Opinion
Civil Action No. 19-cv-02154-CMA-STV
03-01-2021
ORDER
This matter is before the Court on dueling motions for summary judgment. For the following reasons, the Court denies Plaintiff's Motion (Doc. # 29) and grants Defendant's Motion (Doc. # 42).
I. BACKGROUND
Plaintiff was allegedly injured in a car accident. (Doc. # 4, ¶ 6). She sued the other driver, Duane Keeson, claiming that Keeson was at fault. (Doc. # 29, ¶ 3). At the time, Keeson had a total of $1.1 Million in available insurance coverage: a $100,000 auto-liability policy and a $1,000,000 personal-liability umbrella policy. (Doc. # 29, ¶ 3). The parties agree that both policies applied to the accident, and both could have been used to compensate Plaintiff for her injuries. (See Doc. # 29, ¶ 5; Doc. # 34, ¶ 1). However, Plaintiff's then-attorneys never told her about the $1,000,000 umbrella policy. (Doc. # 29, ¶ 3). Plaintiff, believing that Keeson had only $100,000 in available insurance coverage, ultimately settled the case for $100,000 - the limit of Keeson's auto-insurance policy. (Doc. # 29, p. 3).
Plaintiff is now suing her auto-insurance carrier, State Farm, seeking underinsured-motorist (UIM) benefits. (Doc. # 4). She claims that her damages exceeded the $100,000 settlement with Keeson, and she argues that it is State Farm's responsibility to make up the difference. State Farm counters that it has no obligation to pay UIM benefits because Keeson was not underinsured: his $1.1 Million in total insurance coverage was more than enough to compensate Plaintiff for her injuries.
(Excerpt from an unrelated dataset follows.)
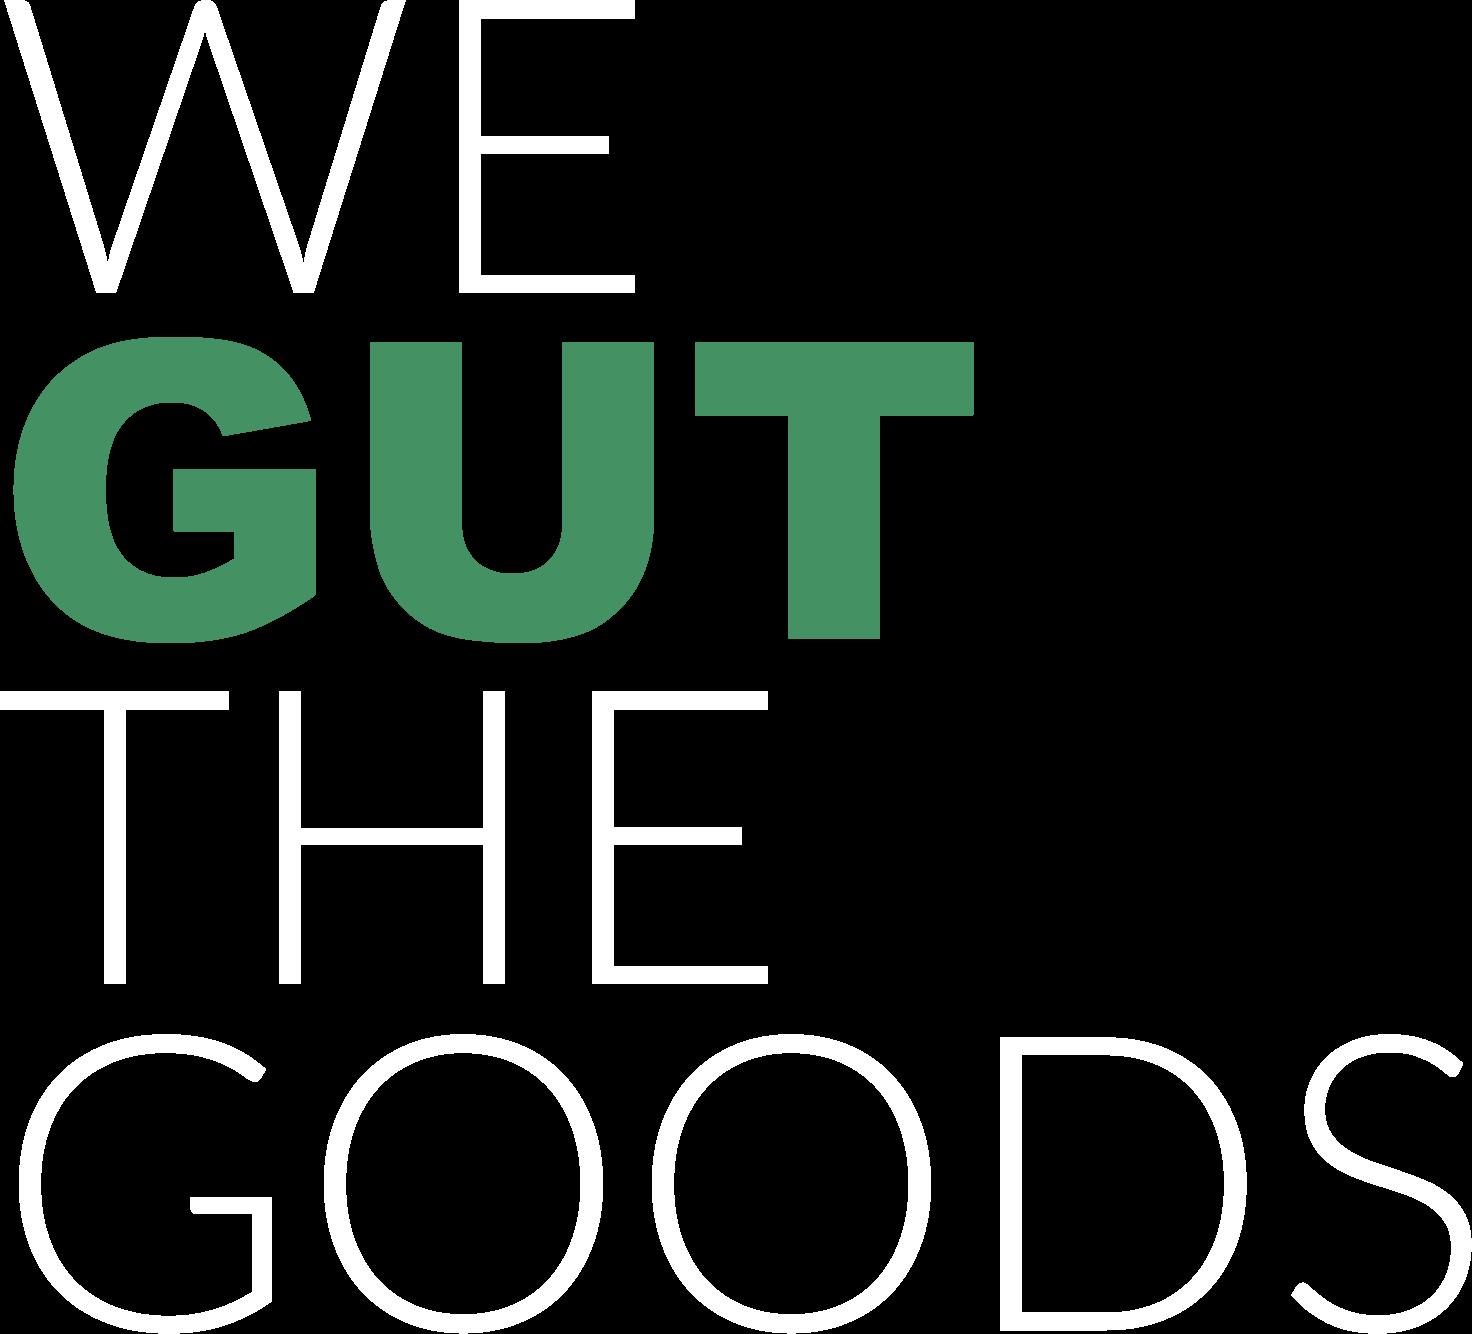 We Gut the Goods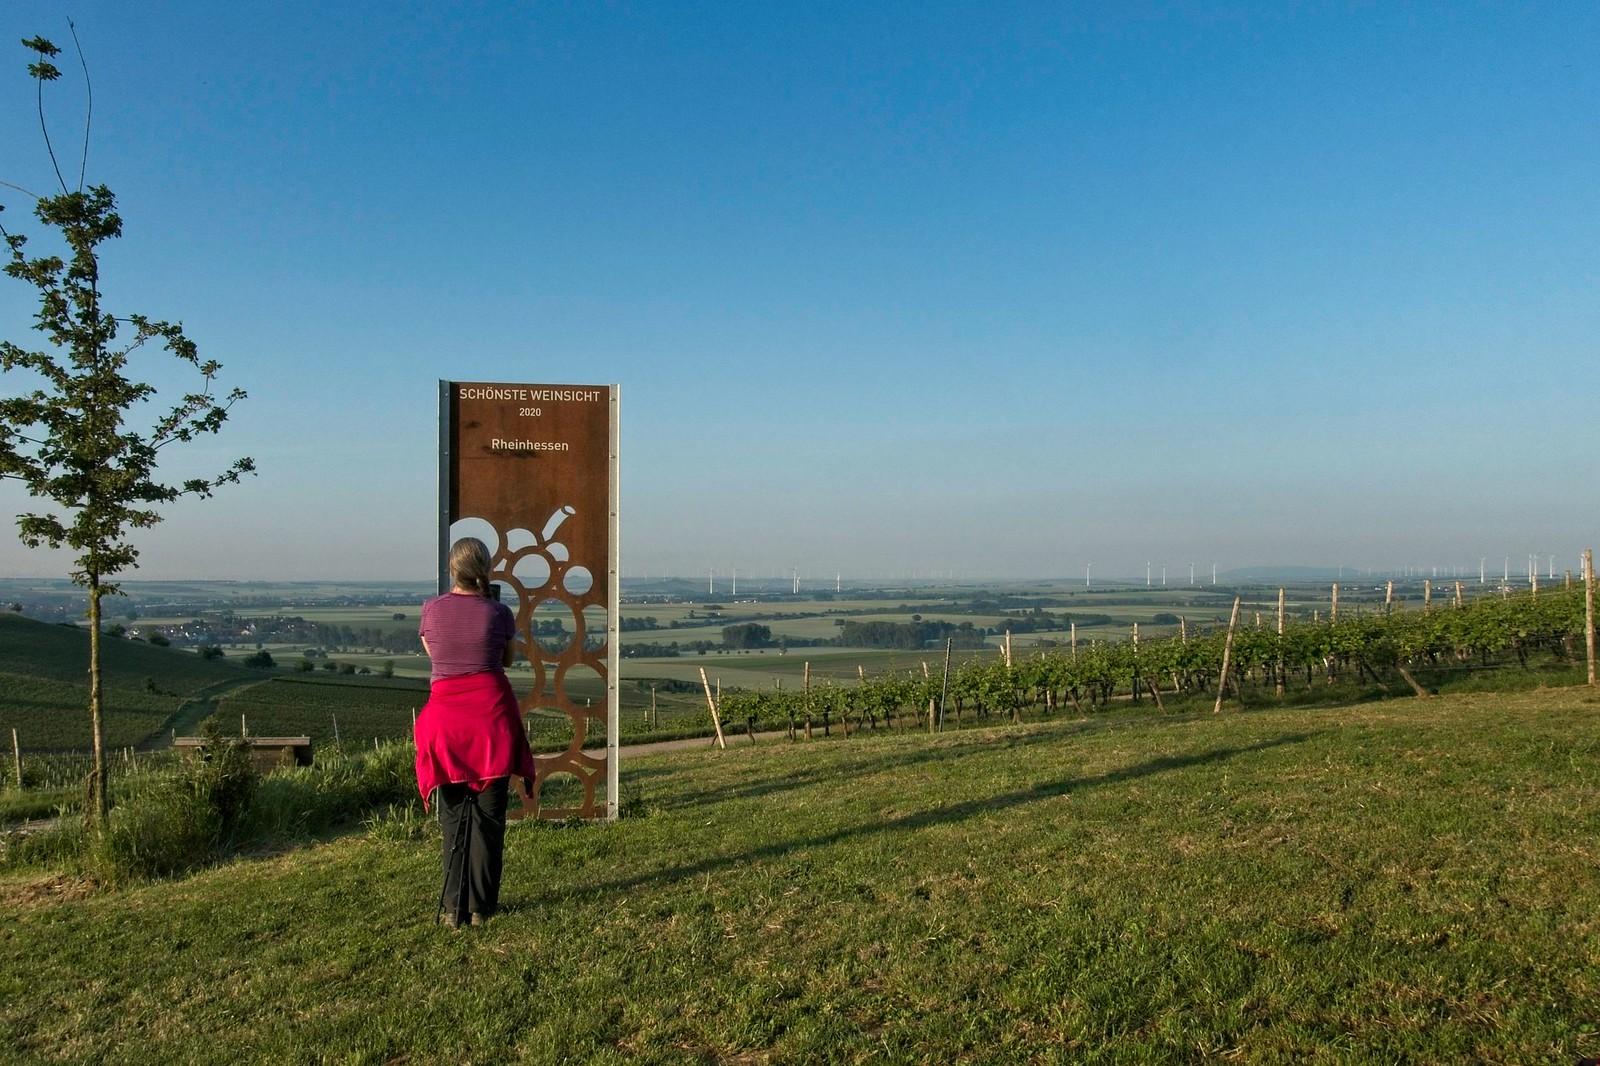 Schönste Weinsicht 2020 Rheinhessen - SunriseHike am Selzbogen in Rheinhessen

Both parties now seek summary judgment.
In a separate lawsuit, Plaintiff is also suing her former attorneys for malpractice based on their failure to tell her about the umbrella policy. (Doc. # 29, ¶ 5.M.) --------
II. ANALYSIS
Summary judgment is warranted when "there is no genuine dispute as to any material fact and the movant is entitled to judgment as a matter of law." Fed. R. Civ. P. 56(a). The parties agree that there is no genuine dispute of material fact in this case, and that the case turns on a question of contract interpretation: when is a driver "underinsured" under Plaintiff's State Farm policy ("Policy")? (Doc. # 29, ¶¶ 2, 4; Doc. # 33, pp. 5-6).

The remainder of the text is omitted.